Indeed, one of the changes to the bill from the one in 2020 is that immediately after saying encryption can’t be an independent basis for liability it adds a new section that wasn’t there before that effectively walks back the encryption-protecting stuff. The new section says: “Nothing in [the part that says encryption isn’t a basis for liability] shall be construed to prohibit a court from considering evidence of actions or circumstances described in that subparagraph if the evidence is otherwise admissable.” In other words, as long as anyone bringing a case under EARN IT can point to something that is not related to encryption, it can point to the use of encryption as additional evidence of liability for CSAM on the platform.

Again, the end result is drastically increasing liability for the use of encryption. While no one will be able to use the encryption alone as evidence, as long as they point to one other thing — such as a failure to find a single piece of CSAM — then they can bring the encryption evidence back in and suggest (incorrectly) some sort of pattern or willful blindness.

And this doesn’t even touch on what will come out of the “committee” and its best practices recommendations, which very well might include an attack on end-to-end encryption.

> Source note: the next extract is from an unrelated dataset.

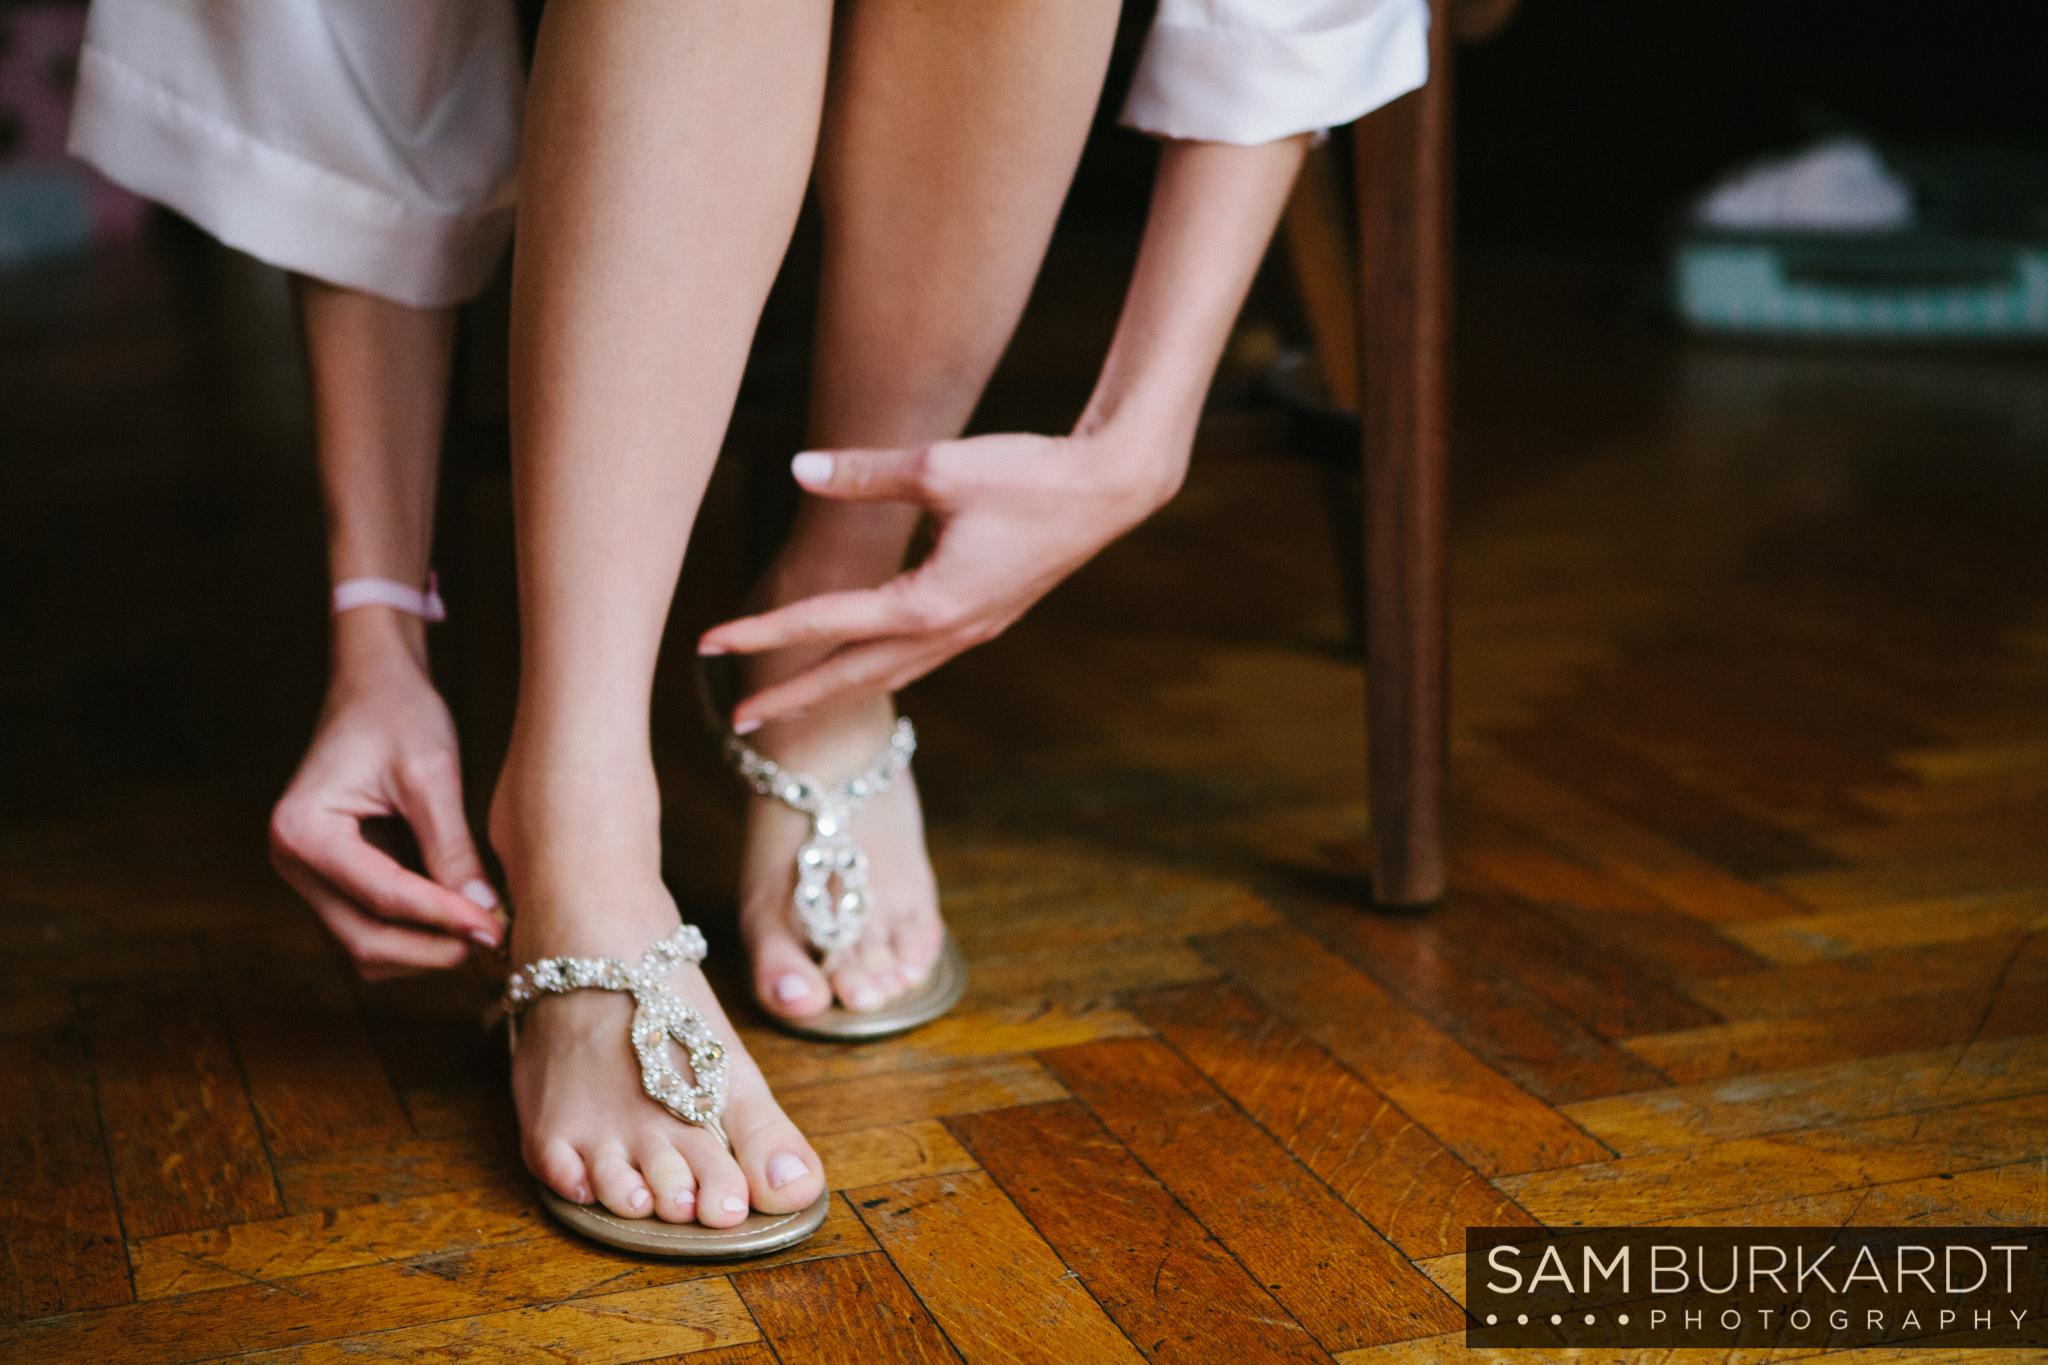 samburkardt_platz_moore_connecticut_branford_house_long_island_sound_august_photography_wedding_glamour_pink_0010.jpg

So, if you were unsure if this legislation is an attack on Section 230 or an attack on encryption, the simple answer is that it is both.

What’s more is that this push to “protect the children” has been a cover for plenty of awful surveillance and anti-security laws around the world for well over a decade now. The effectiveness of this cover story has been quite hit and miss, but it does show that politicians still seem to think that this is a viable tactic to push such awful laws in the first place.

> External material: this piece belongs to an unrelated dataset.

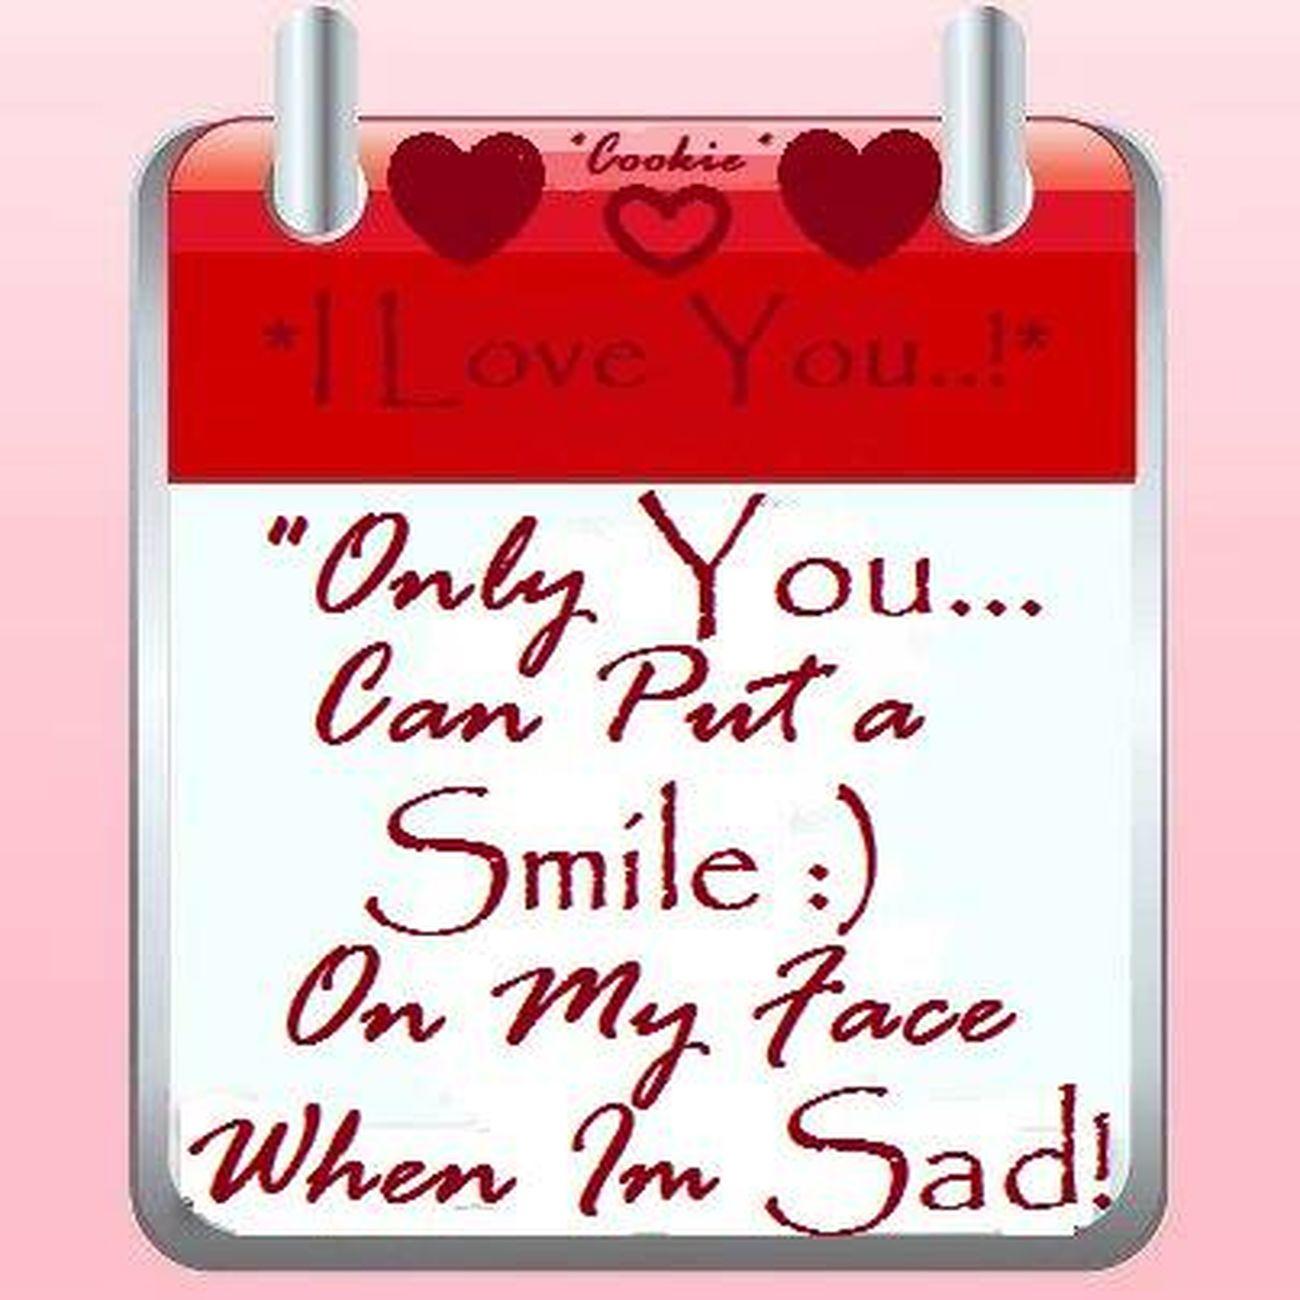 Feeling Sad But Smiling

If there is a silver lining in all of this, it’s that American’s have one advantage over EARN IT that Canadians do not have with the Liberals War on Encryption: time. In Canada, the Liberals war on the open Internet started less than a week after the session resumed in the new year. For American’s this started rather late in the first two years of office. That means it has until November before midterms hit which is about 10 months away. That really isn’t the worlds longest runway to make EARN IT take off into the law books. If anything, EARN IT could still just crash and burn like last time and leave American’s relieved yet again that the US couldn’t pass a law that incredibly stupid in the first place.

Of course, a lot can happen in the interim and this development does show that the US hasn’t necessarily given up on the idea of banning effective encryption. Sadly, for American’s, the fight is now on to, once again, try to defend the free and open Internet.